In addition, the reengineered workflow has been improved to support parametric mod-
els, i.e. models defined to depend on multiple integer/real parameters, whose values are
specified at solution time and not at design time. Parameters are passed as command
line arguments, and all command line tools have been modified to support them.
Another design requirement of the GUI is to support new modeling formalisms and
functionalities that are not present in the current toolchain. To represent and store these
informations, the tool uses a new XML file format for the models. This choice avoids
modifying the input file formats of the toolchain. Any command line tool invocation
serializes the drawn model in appropriate input formats when needed, leaving the main
file format just for the editor. In this way, it is easy to change the editor format without
breaking the compatibility with the command line tools of the GreatSPN framework.

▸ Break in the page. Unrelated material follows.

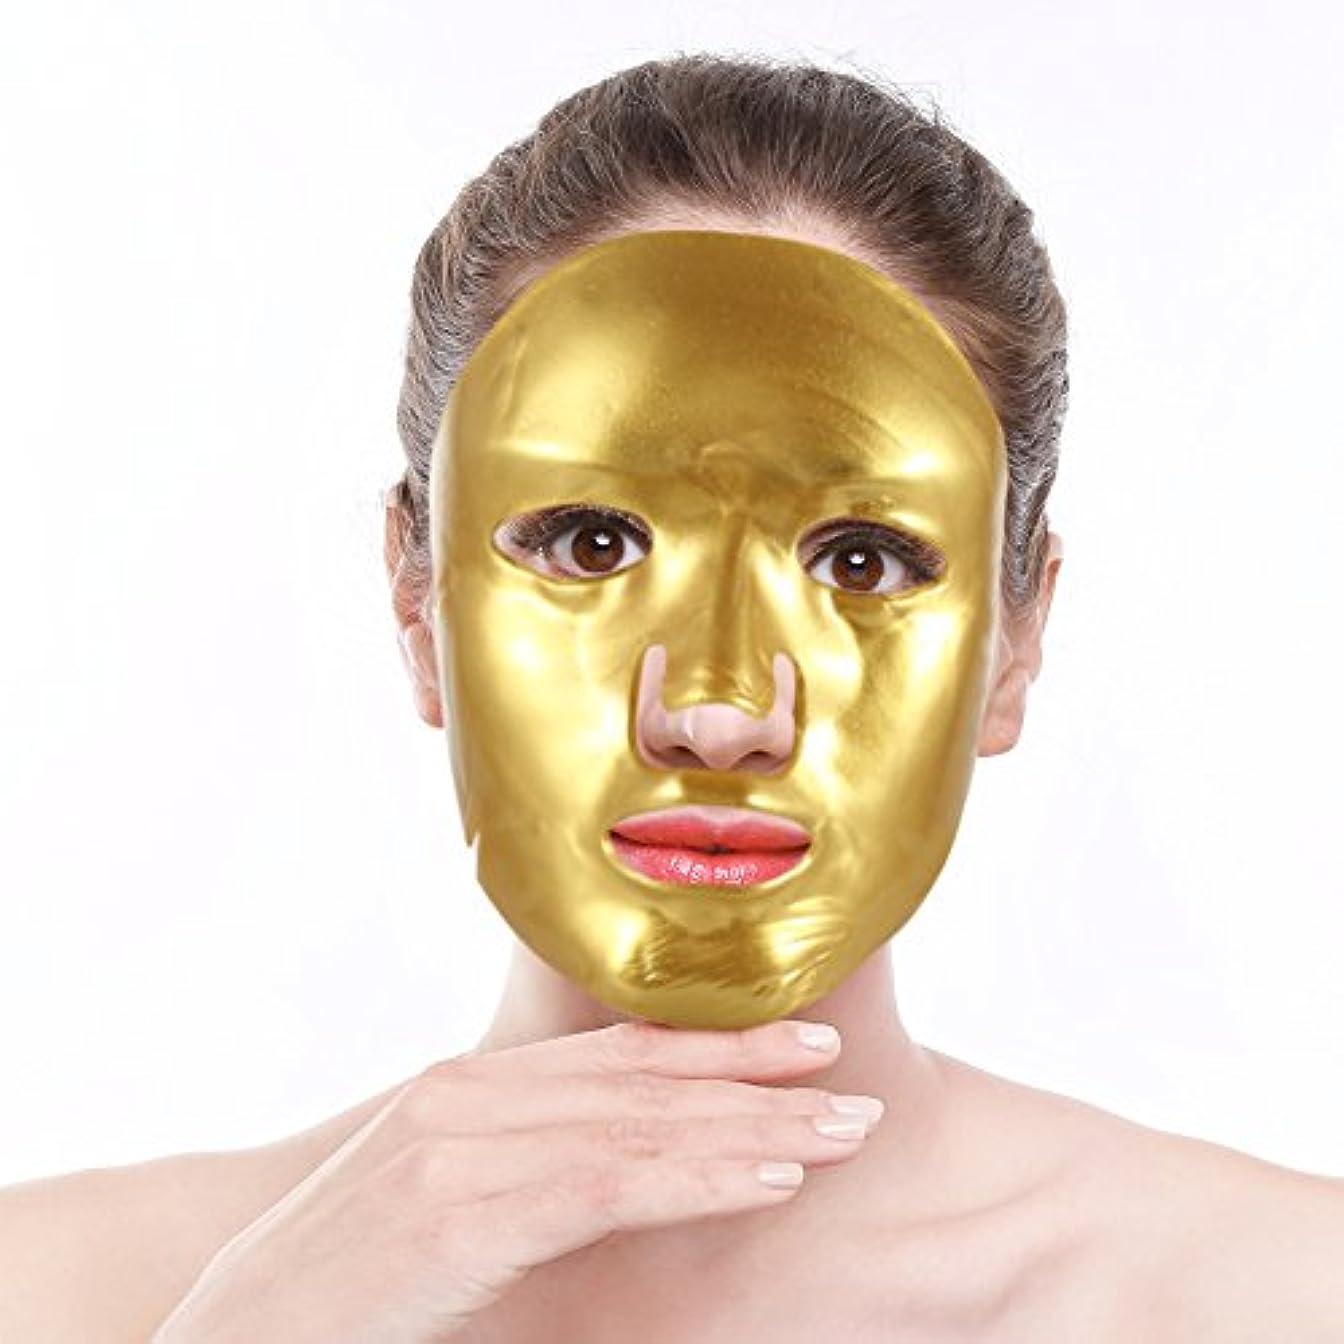 容量浸す頼むフェイススキンケアクリスタルコラーゲンマスクゴールドパウダーモイスチャー マスク
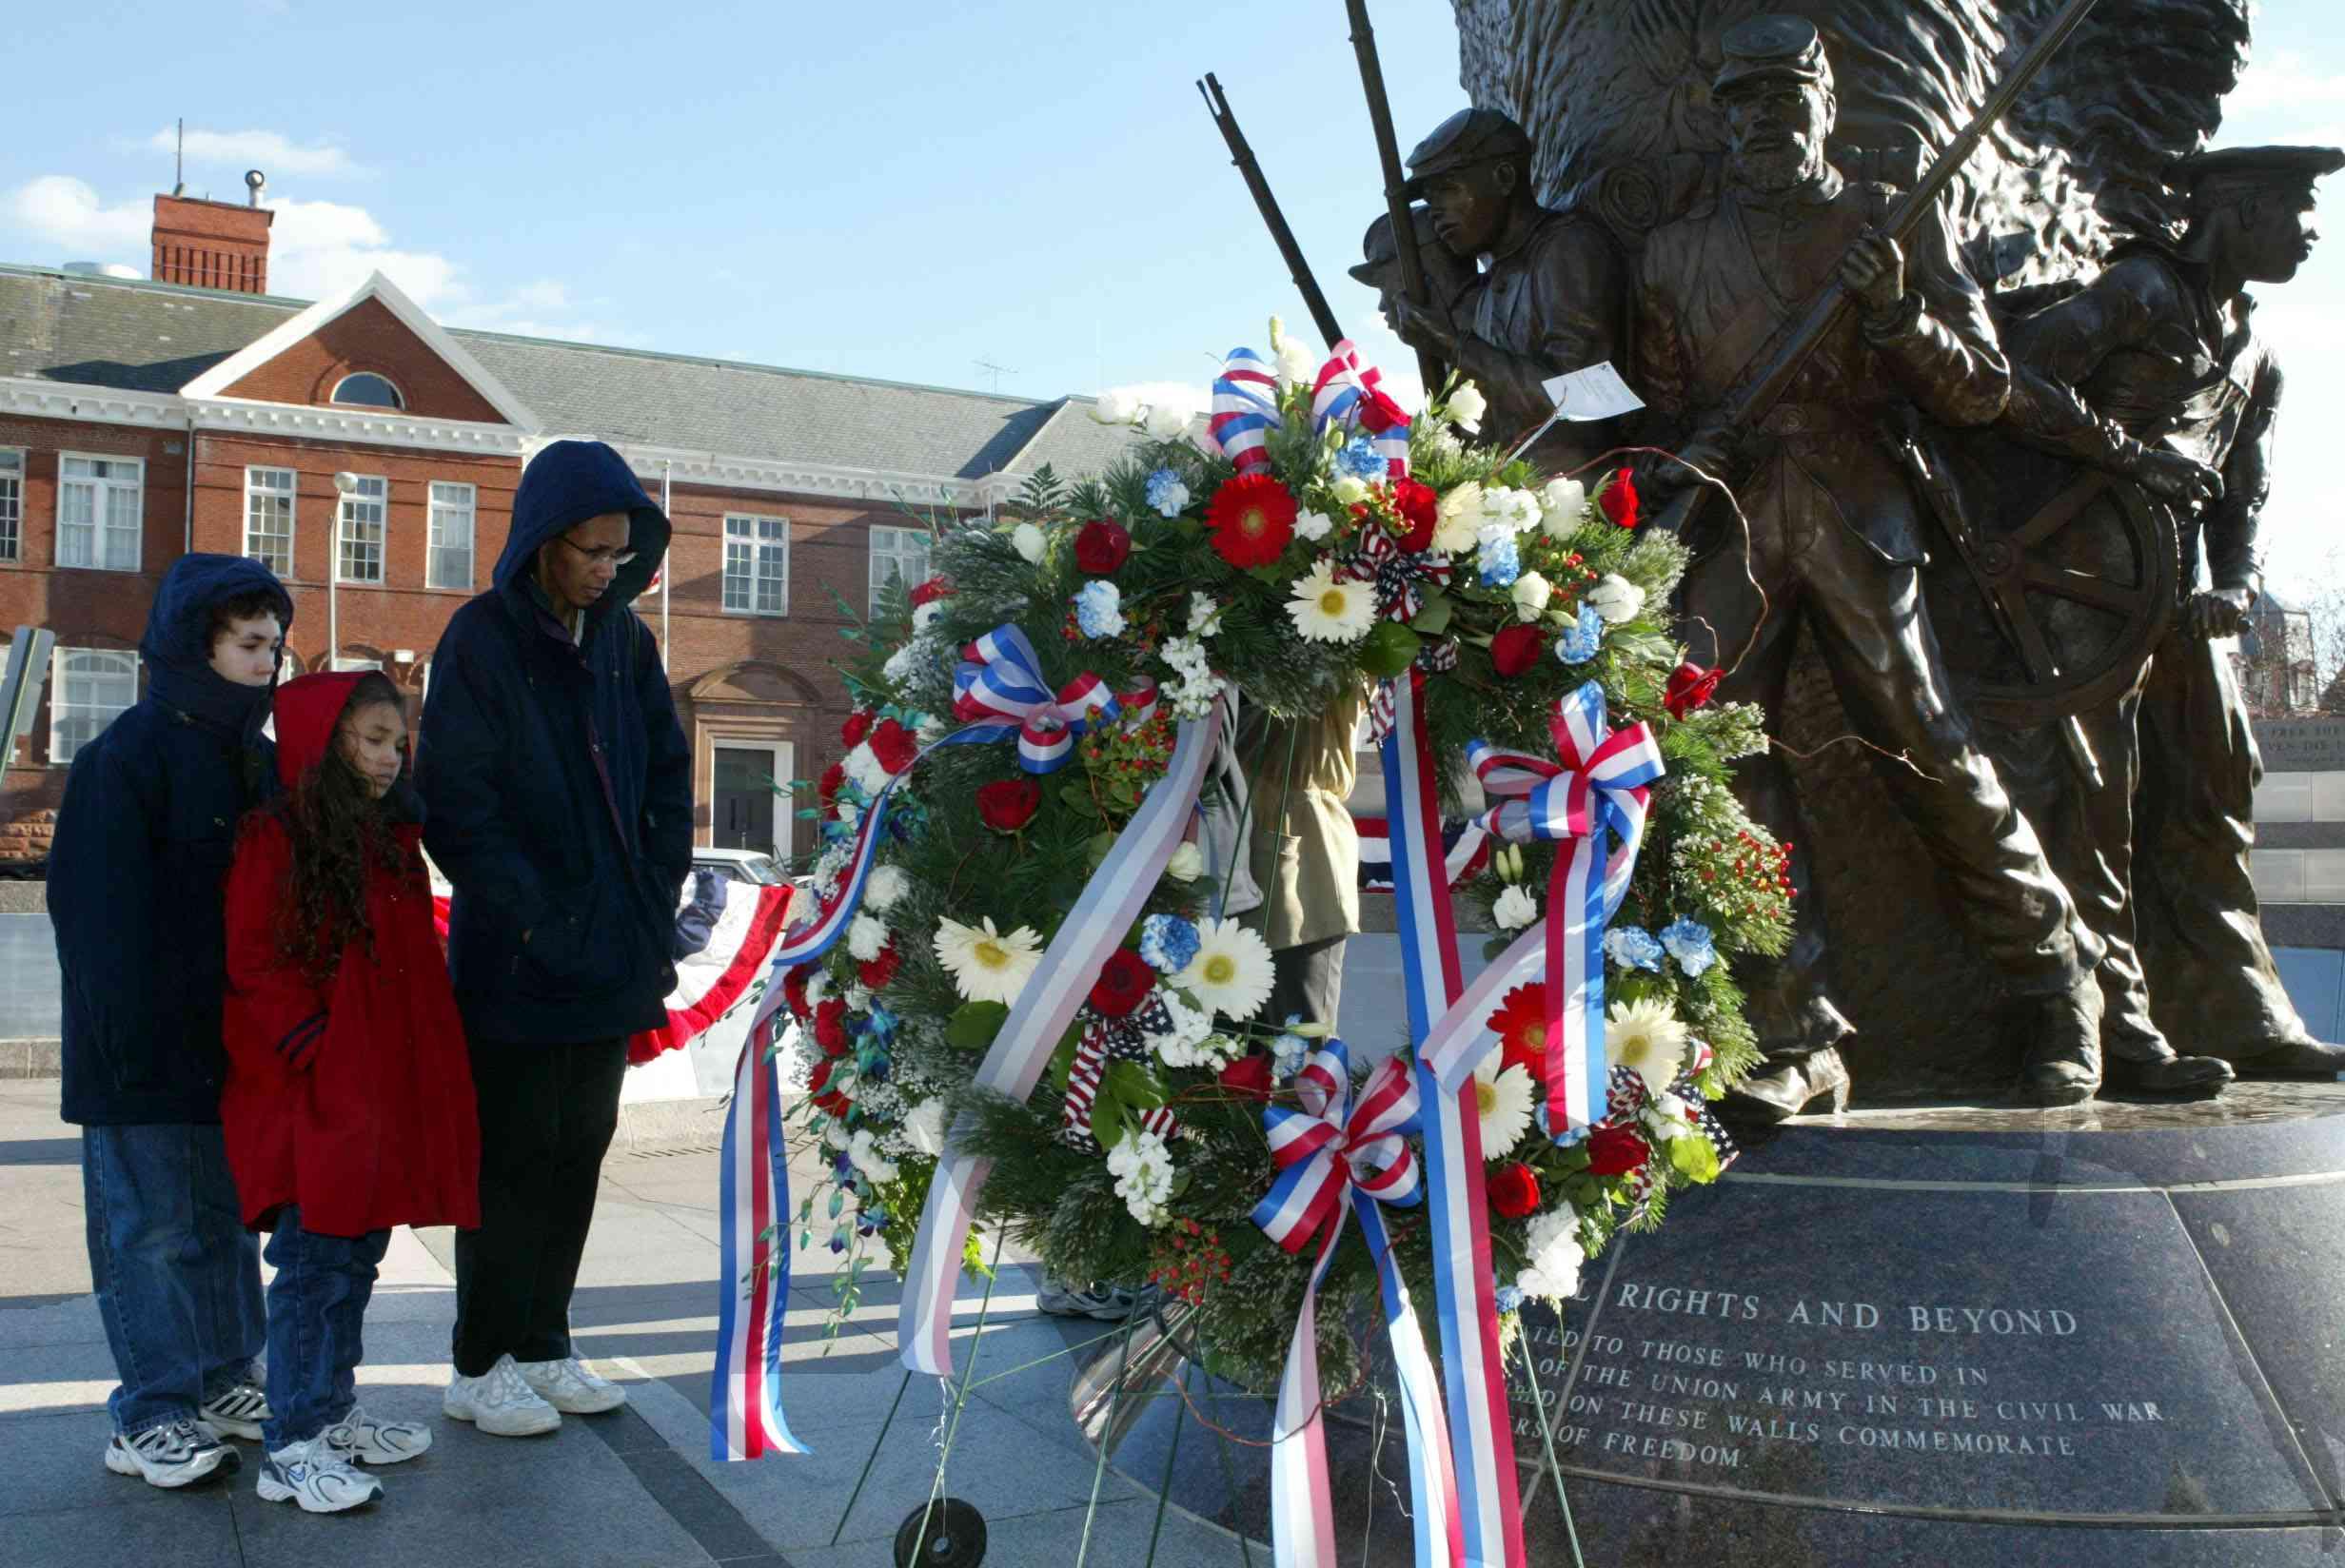 Ceremonia de colocación de guirnaldas en honor del Dr. Martin Luther King, Jr. en Washington

Requirements 2 and 3 involve the reconstruction of the modeler workflow of Great-
SPN inside the GUI. Examples of how this workflow is implemented graphically are
given in sections 5–7.
2.2 Code structure of the new GUI.
The GUI consists of about 55K lines of code written in the JavaTM language, plus an
optional command line LATEX engine that runs in the background to format the text
labels of the models. The application is cross platform and runs on Windows, MacOSX
and Linux. Java package structure is shown in Table 2.2.
Packages Description
gui Core GUI structure, main window cycle.
gui.net Visualization/editing of abstract graphs (Petri nets, automata).
gui.play Interactive token game.
gui.semiflows Visualization of minimal P/T semi-flows.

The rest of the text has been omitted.